Figure 2 - «epMotion 5075v» from Eppendorf
Also available is the «EpMotion 5075v», depicted in figure 2, distributed by Eppendorf. This platform allows for tool interchangeability to be used within a sequence with a tool identifying chip system designed to secure the right choice of tools. It is also equipped with a gripper to move around the different apparatus along the work area. Despite those assets, the platform is dependant regarding the supplying of micro plates or pipette tips, thus needing the presence of human interaction. Additionally, this platform is sold at a considerable 81000$, making it even less affordable for smaller stature laboratories.

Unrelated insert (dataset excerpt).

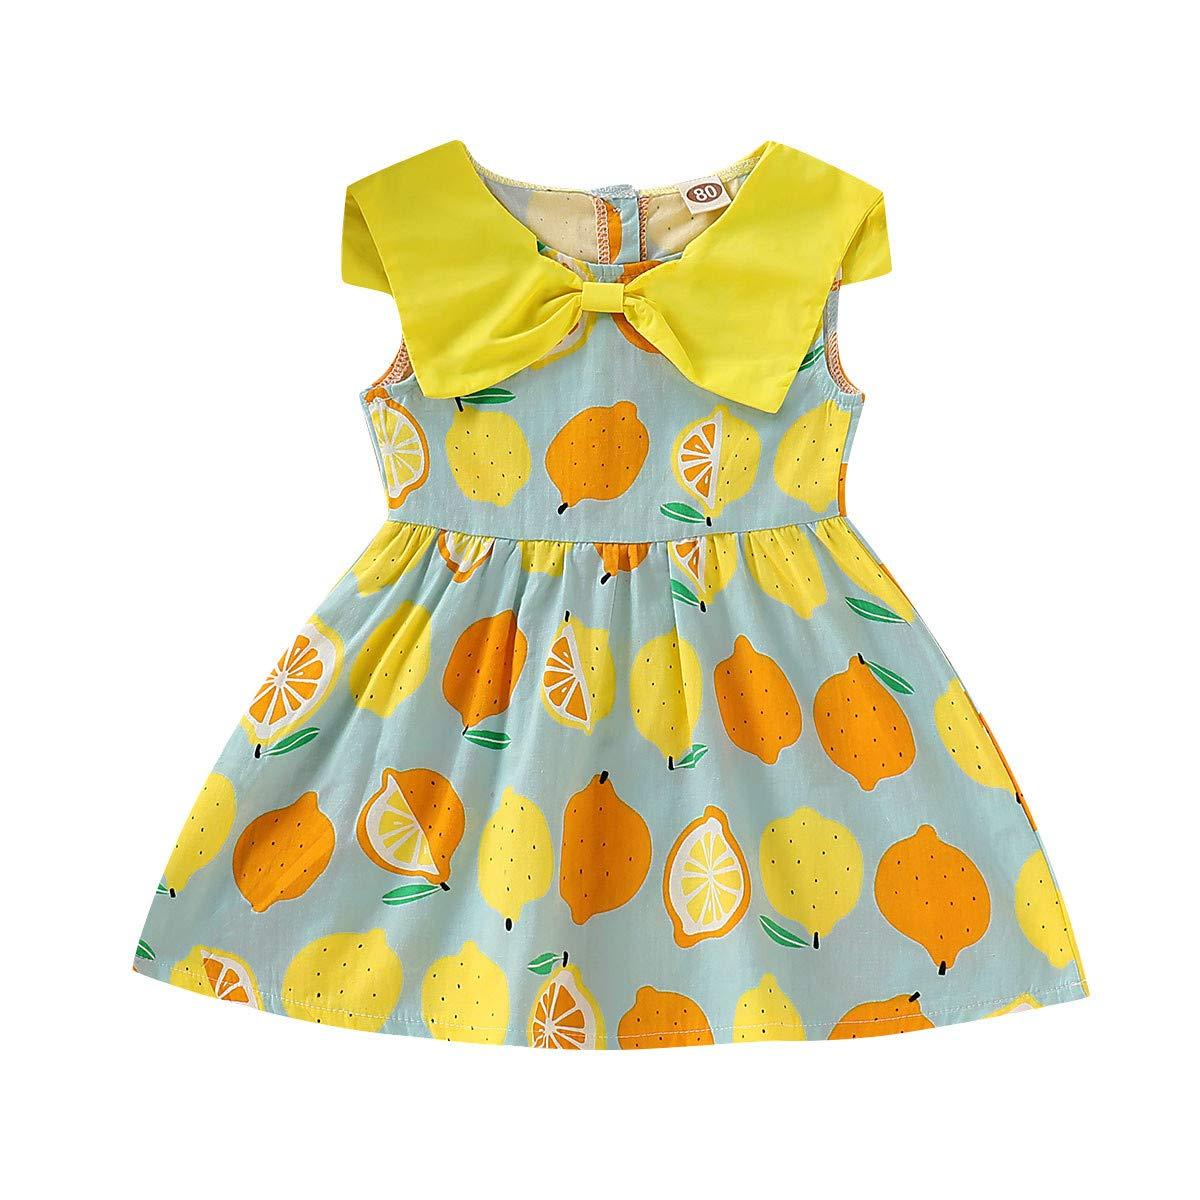 b1fb37cccb5 Amazon.com: Iuhan Girls Sundresses Summer 2019 Toddler Kid Baby Girl ...
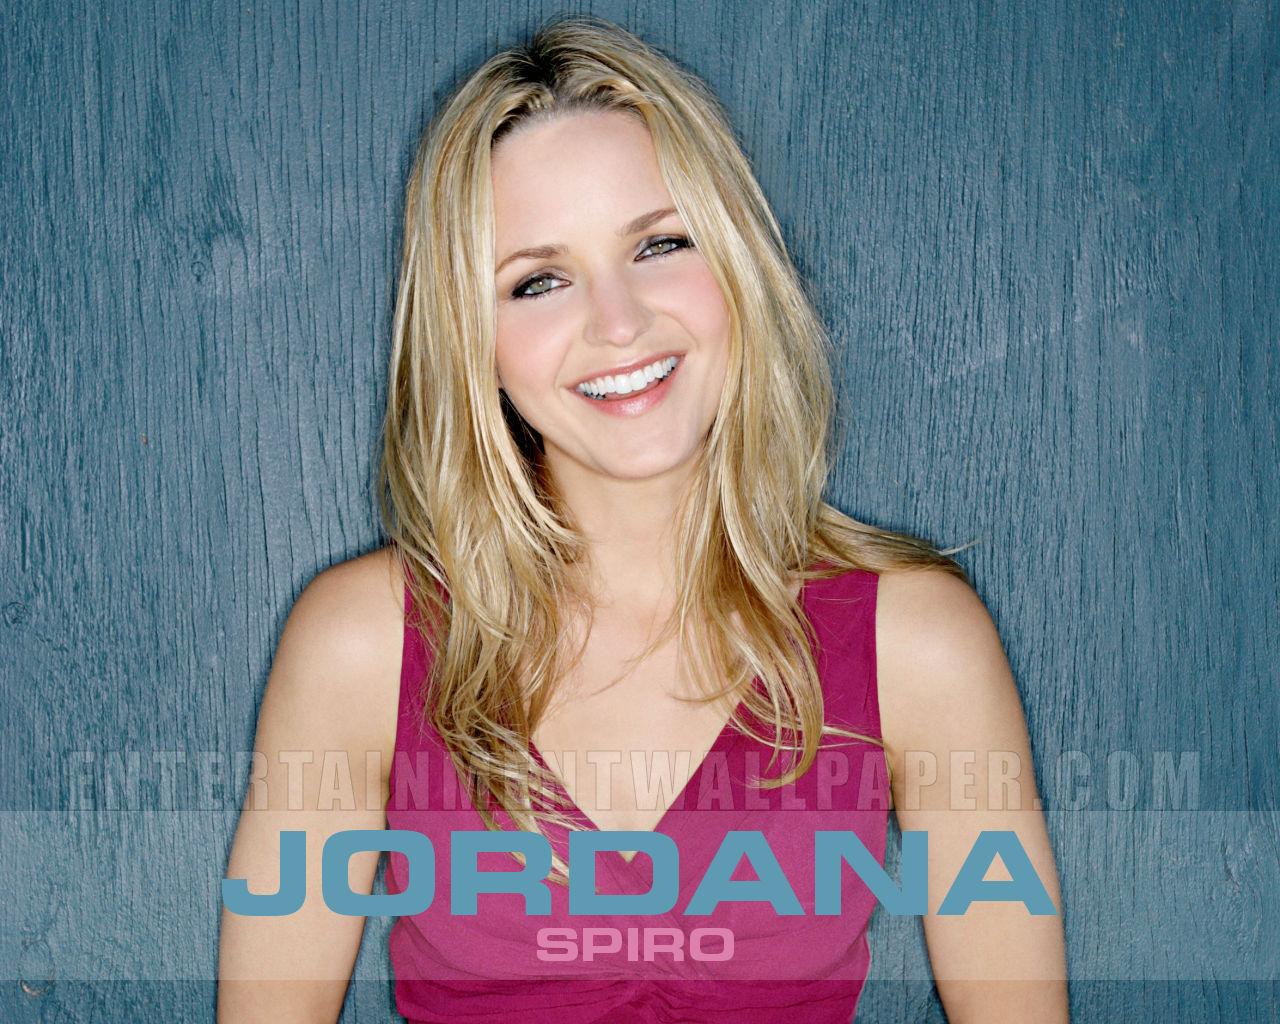 Jordana Spiro Wallpaper   60018590 1280x1024 Desktop Download 1280x1024

Figure 3 - OpenTrons OT.One platform
The platform built by our team was developed in collaboration with the project OpenTrons, originating from Genspace, a community biolab located in Brooklyn. The latter provided their beta platform to work with and customize it to be modular, while the OpenTrons folks work on their other release, the OT.One, shown in figure 3. The beta platform is now customized with a gripper capable of maneuvering in two planes of movement, able of carrying around micro plates and assures the restocking of the micro plates, as well as a centrifuge completely autonomous with built-in safety devices. The startup platform from OpenTrons is detailed at 2000$. With the modularity developed on this platform, is it significantly cheaper and affordable to a wider potential public.
Specifications
Some specifications were taken in consideration during the designing process of the robotic platform. While respecting those specifications, the thought process behind the design kept as main focus to deliver a customizable platform, low cost but still effective. The principal specifications were:
- Movements of the robotic platform must have a 1 mm precision due to the narrowness of the micro plates’ spacing between wells
- Must be able to use different kinds of pipette tools at the same time and change tools with ease.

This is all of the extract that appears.